Beatrix Potter’s Childhood Sketches on View
An exhibition highlighting the early childhood art of Beatrix Potter (1866-1943) and comparing it to her prolific adult oeuvre enters its final furlong at the Victoria & Albert Museum in London this month.
Potter’s parents encouraged her art and arranged formal drawing lessons for her from the age of twelve, although she was sketching regularly from the age of eight. Already at this age, she was particularly inspired by the plants and animals around her and became a keen visitor to art galleries during her teenage years, particularly admiring works which she said were “drawn with design.”
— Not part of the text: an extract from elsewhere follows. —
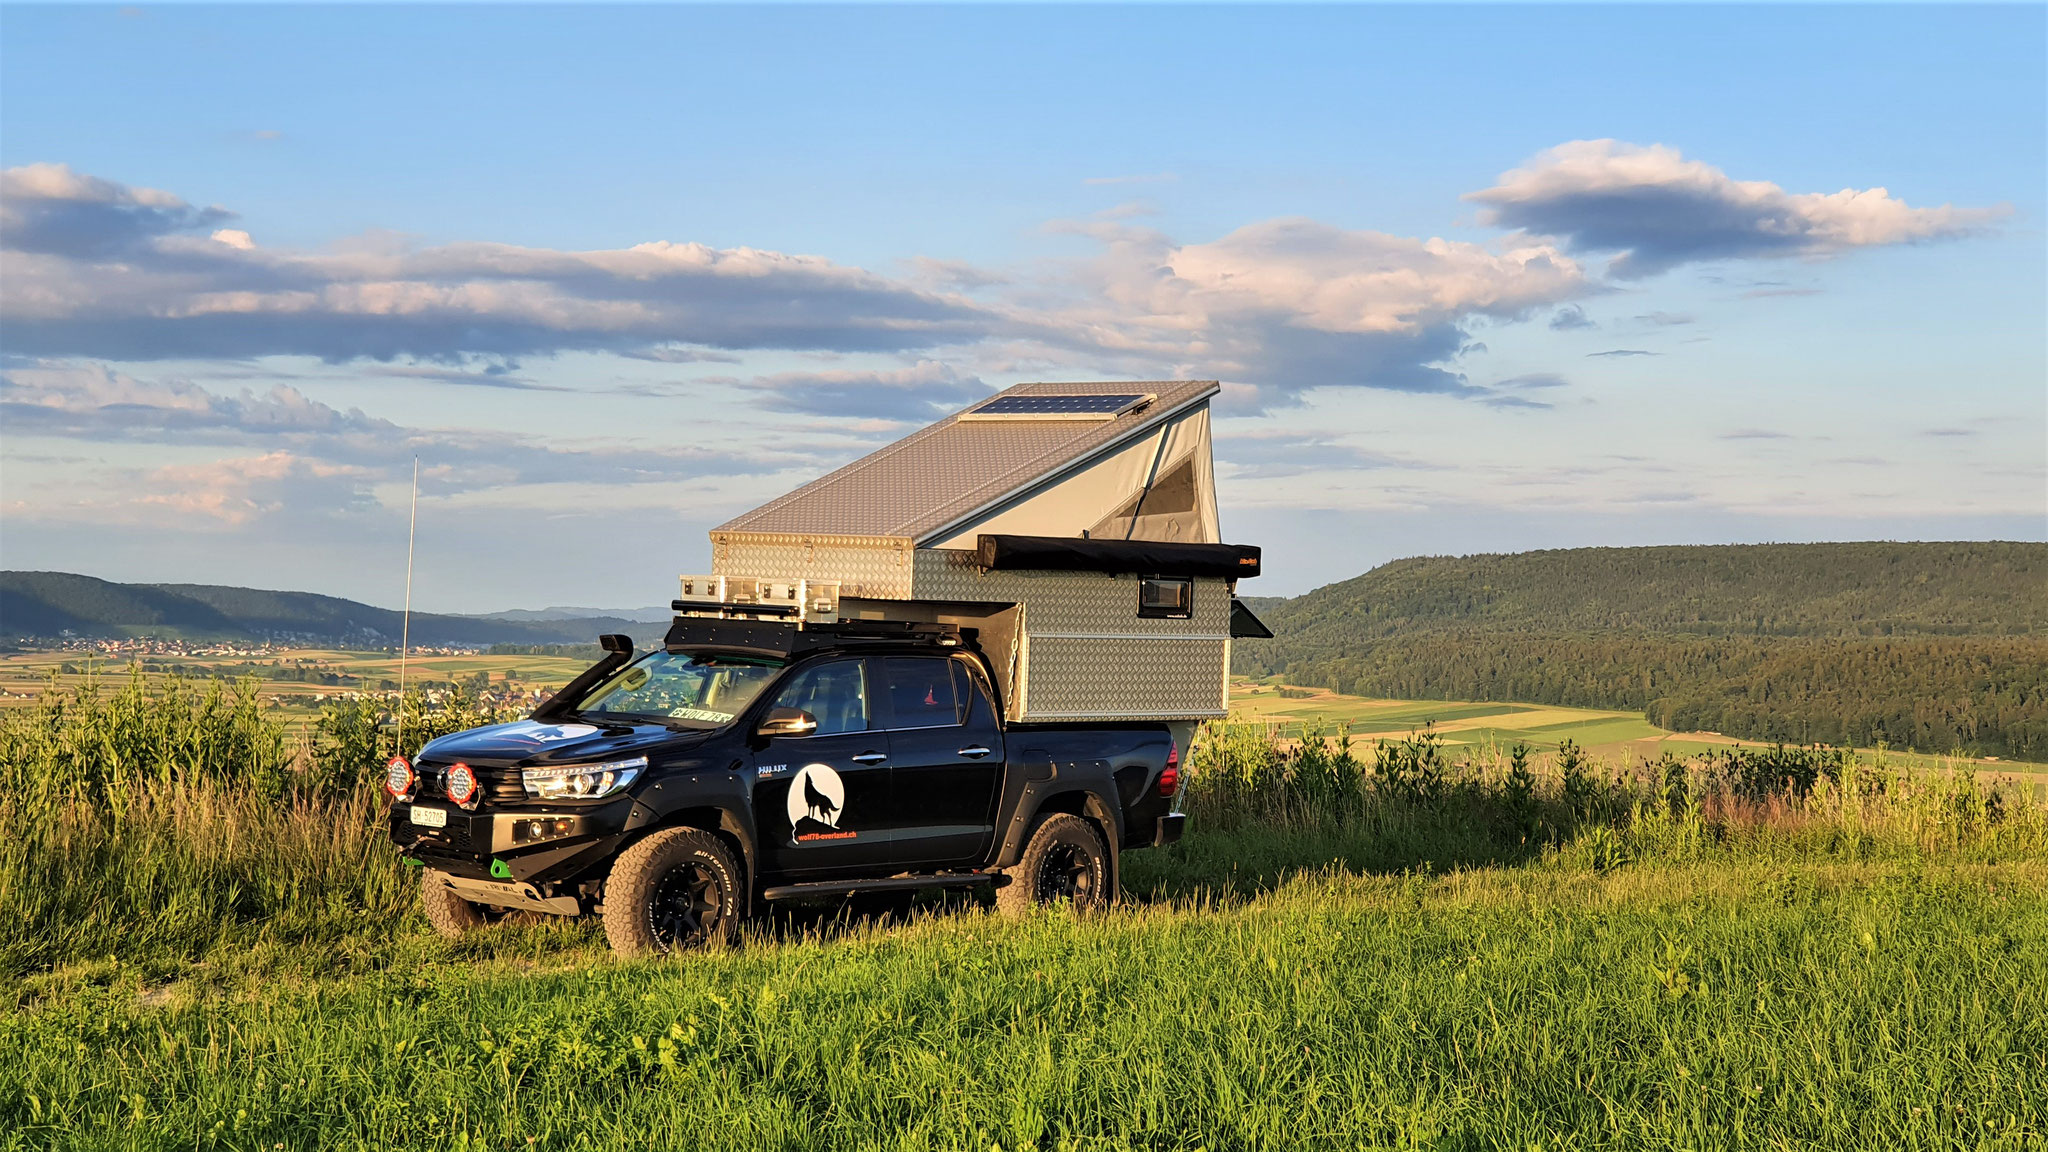 Exkab Defender 130 Wohnkabine Toyota Hilux Pickup camper Revo 2017 2.4 #ProjektBlackwolf truckcamper  4x4 Frontrunner  Roofrack  offroad Tacoma expedition overland wolf78-overland.ch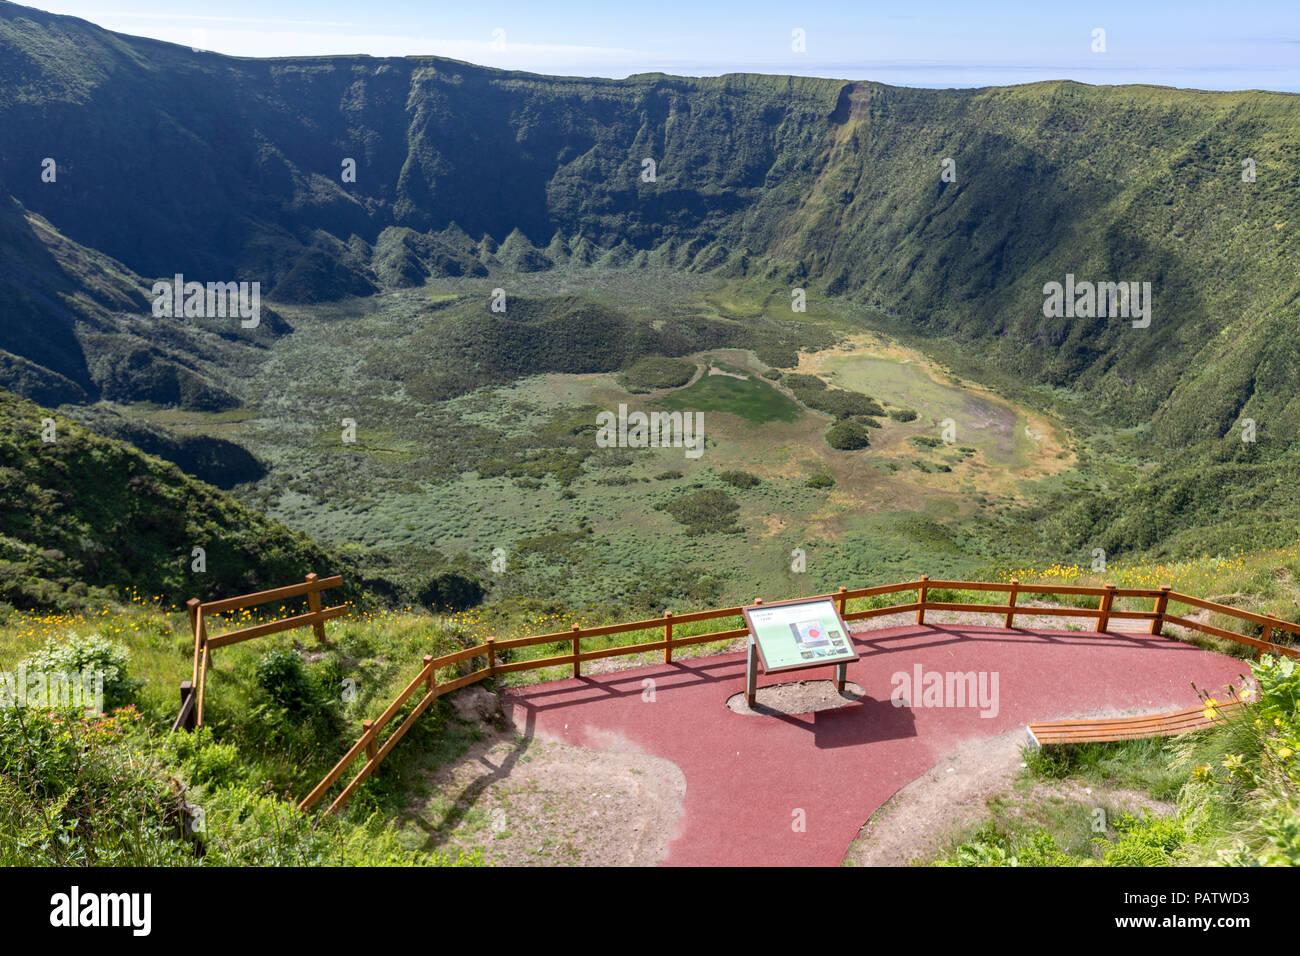 Viewpoint of the Caldeira do Cabeço Gordo, stratovolcano , in Faial island, Azores, Portugal - Stock Image

Beatrix Potter’s Art: ‘drawn with design’ features the artist and writer’s early representations of mice (here wrapped around letters of the alphabet), a variety of insects, and her sketchbook from 1876 featuring a leaping gray squirrel and various rabbits on sleds. Rabbits are, unsurprisingly, to the fore including the The Rabbit Christmas Party: The Arrival (c. 1892, pictured above) in watercolor, pen and ink, which she gave as a present to her Aunt Lucy, Lady Roscoe. This is part of the museum’s Leslie Linder bequest of Potter’s art, letters, photographs, manuscripts, and other memorabilia, the world’s largest collection of such.
In addition to illustrated letters to friends in the 1890s, the exhibition also features an example of the tiny post box and letters, including imitations Penny Red stamps, which she produced and sent to friends during her childhood.
The exhibition remains on view through November 17.